In this post, I want to compare the conclusions we drew about God from the natural revelation of creation to the testimony concerning God found in Scripture. Many of you who are reading these posts are believers, and you may have wondered how the philosophical portrait of God (as necessary, eternal, immutable, etc) matches up with the biblical portrait of God. But first, please remember an important caveat from the previous post. As the Creator, God is completely unlike anything in our immediate experience as creatures.

To whom will you liken me and make me equal,
and compare me, that we may be alike?…
for I am God, and there is no other;
I am God, and there is none like me (Isaiah 46:5, 9).

For my thoughts are not your thoughts,
neither are your ways my ways, declares the LORD.
For as the heavens are higher than the earth,
so are my ways higher than your ways
and my thoughts than your thoughts. (Isaiah 55:8-9)

This means that when the Bible speaks of God as a “father,” for example, that it is conveying a truth about God that is something like our concept of fatherhood, only much greater.

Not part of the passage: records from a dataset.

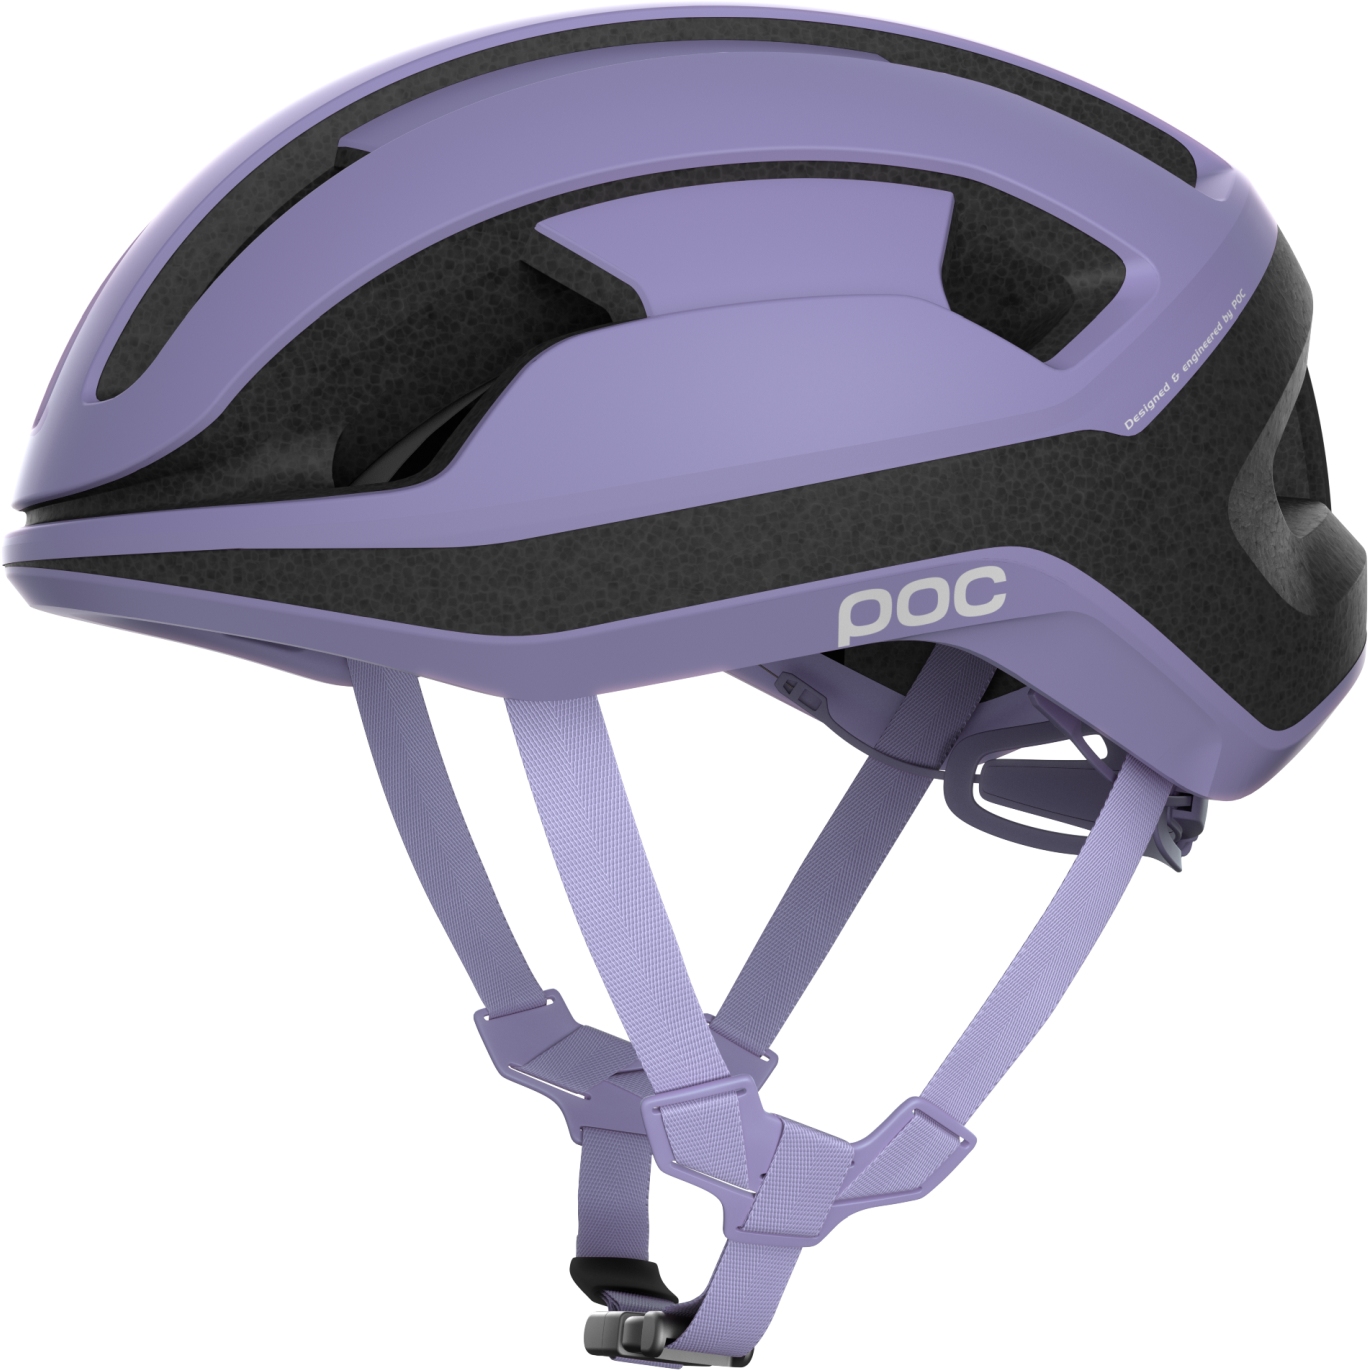 Produktbild von POC Omne Lite Helm - 1620 Purple Amethyst Matt
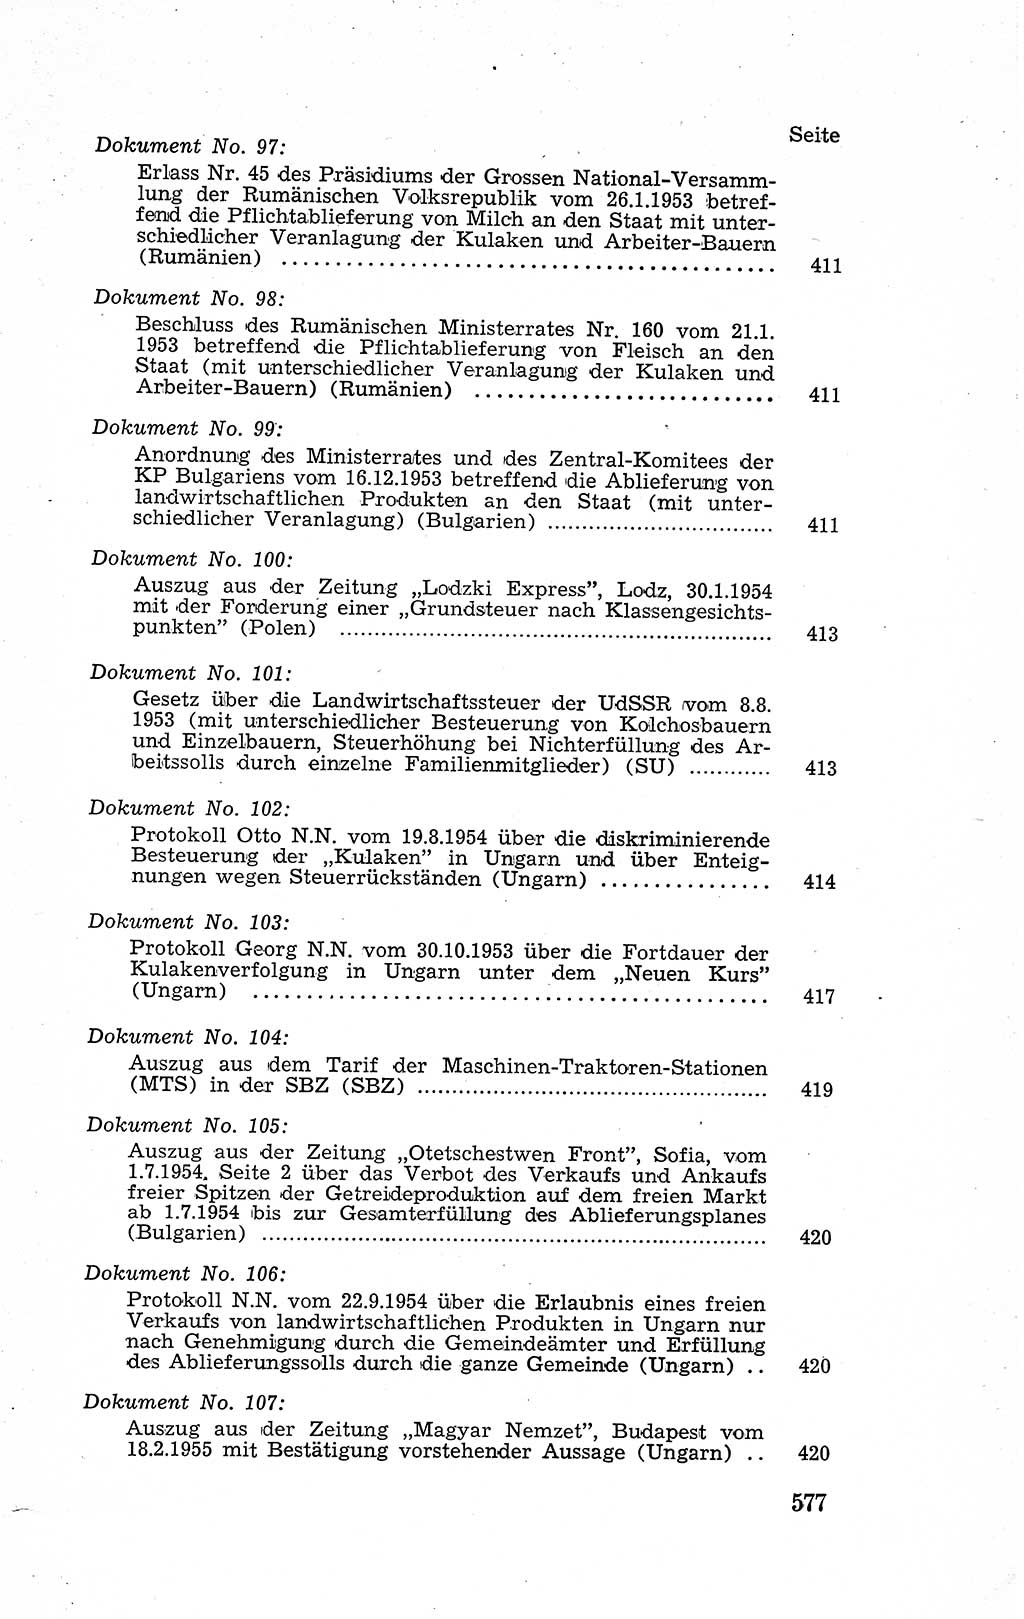 Recht in Fesseln, Dokumente, Internationale Juristen-Kommission [Bundesrepublik Deutschland (BRD)] 1955, Seite 577 (R. Dok. IJK BRD 1955, S. 577)
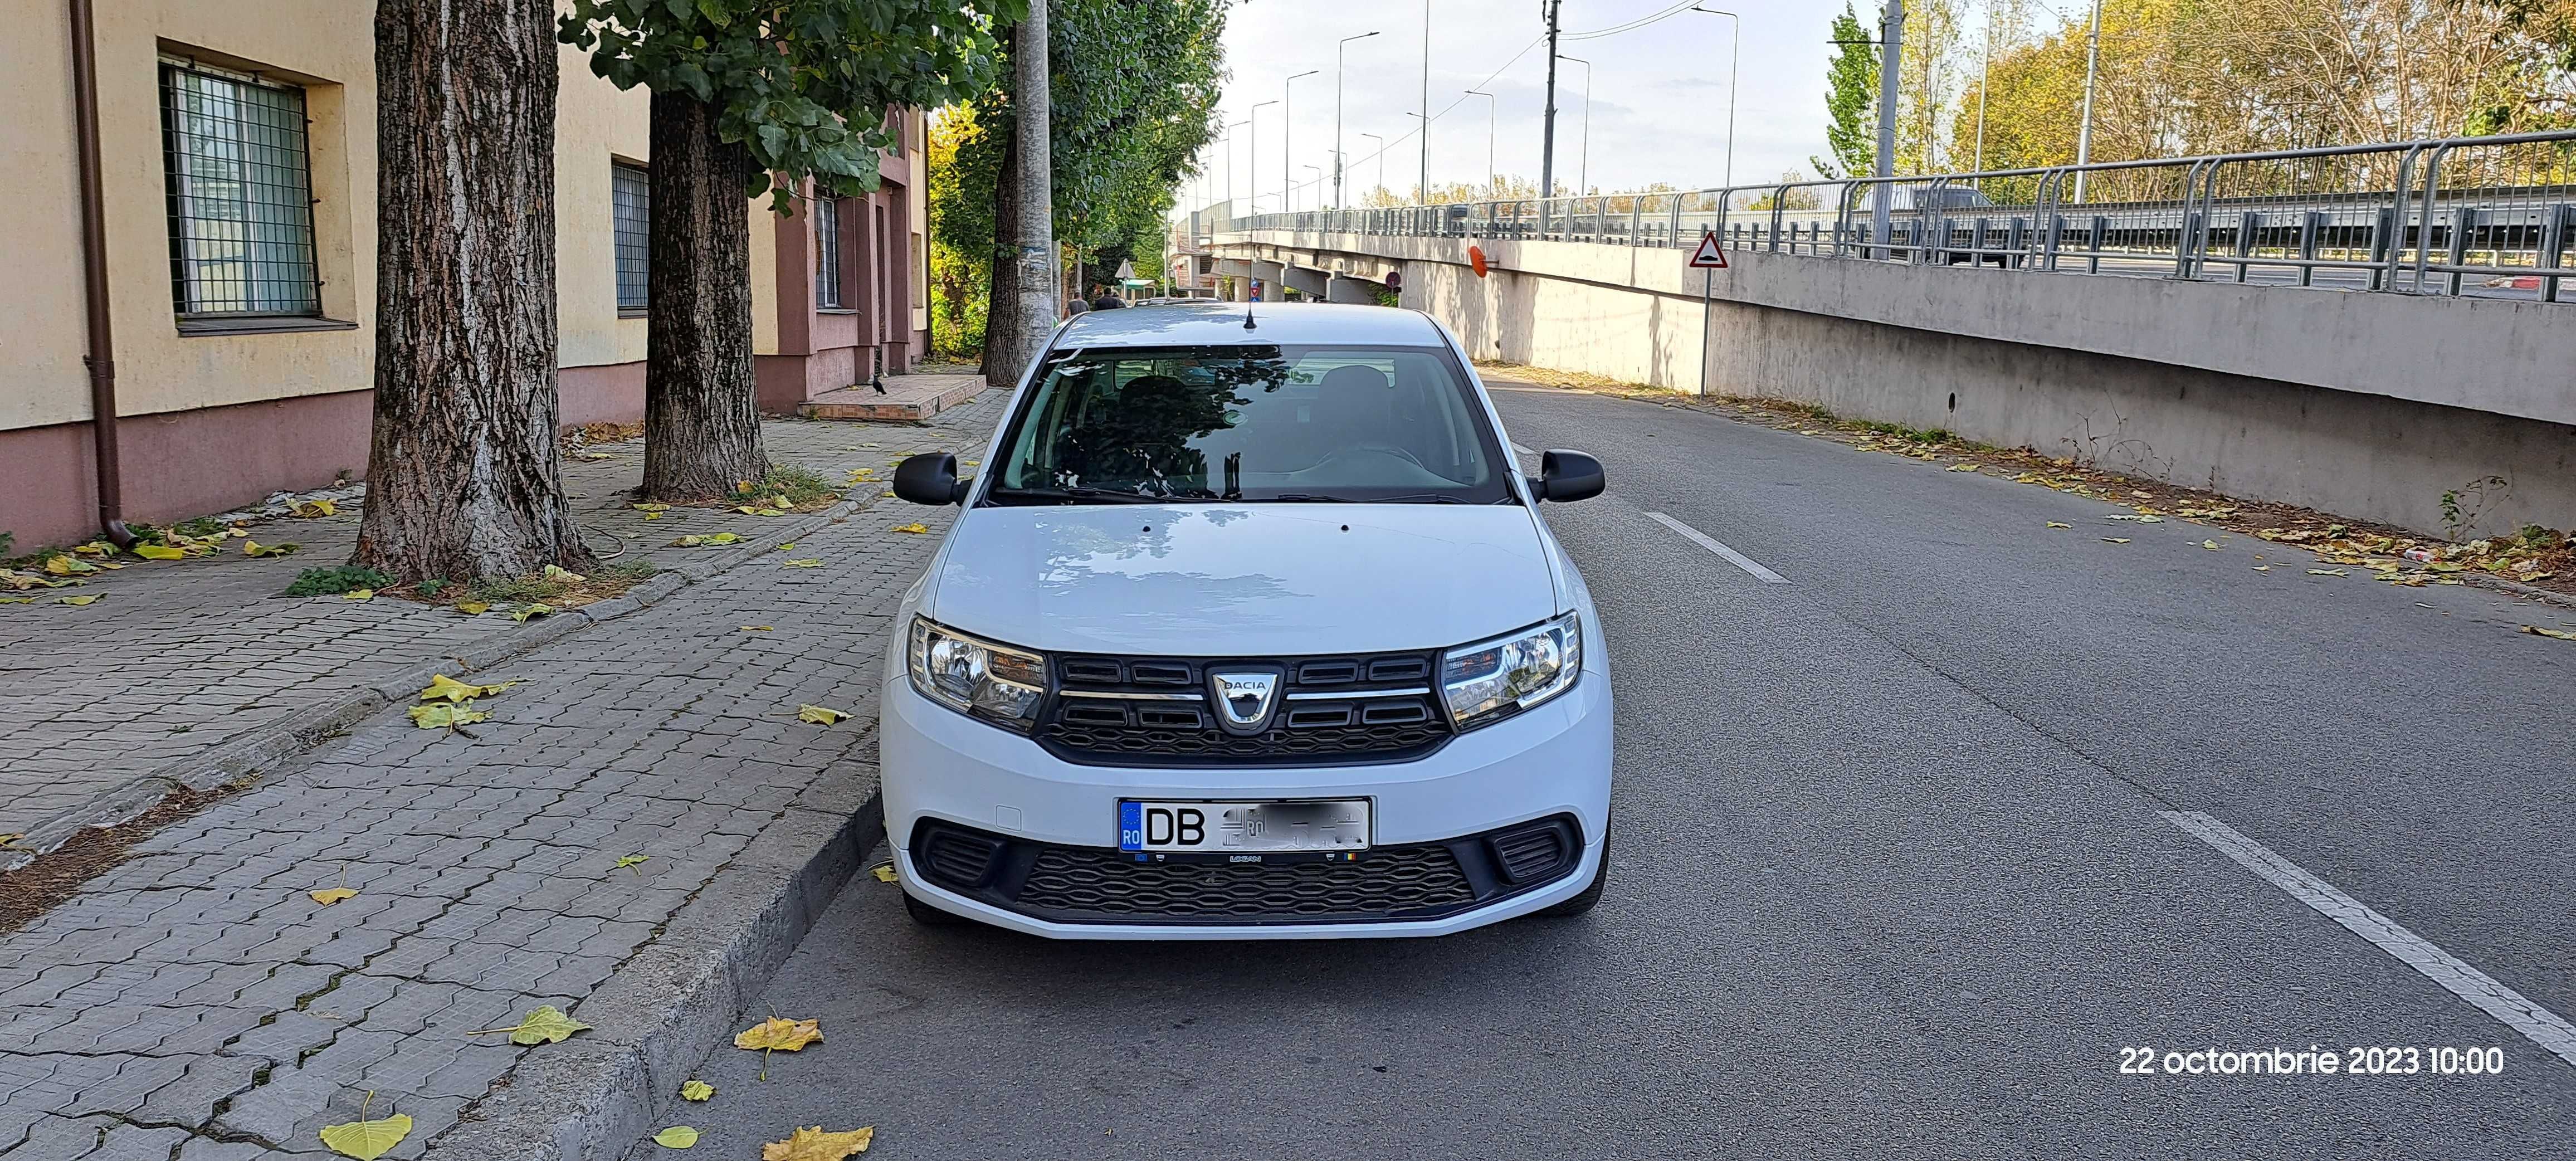 Dacia Logan 2  de vanzare

Keeping this important caveat in mind will help shield you from common misunderstandings of biblical descriptions of God.

With that disclaimer in mind, let’s look at what the Bible says about the God we have discovered through logical arguments.

God Is Necessary

God said to Moses, “I AM WHO I AM.” And he said, “Say this to the people of Israel: ‘I AM has sent me to you.’” (Exodus 3:14)

As the necessary being, God doesn’t rely on anything else to exist. He simply is existence itself, and that is what the divine name here in Exodus 3:14 means. Given the widespread acceptance of polytheism in the ancient world, this description of God in Exodus is remarkable. As one philosopher points out:

The author of the biblical text has managed to offer an expression of God that just happens to be in accord with some of the most profound metaphysical reasoning about the nature of God and His relation to the world in the history of Western Thought. (Gaven Kerr, Aquinas’s Way to God, p. 169).

God Is Eternal

Since God doesn’t depend on anything else to exist, he didn’t come to be and he cannot pass away. He is eternal.

Before the mountains were brought forth,
or ever you had formed the earth and the world,
from everlasting to everlasting you are God. (Psalm 90:2)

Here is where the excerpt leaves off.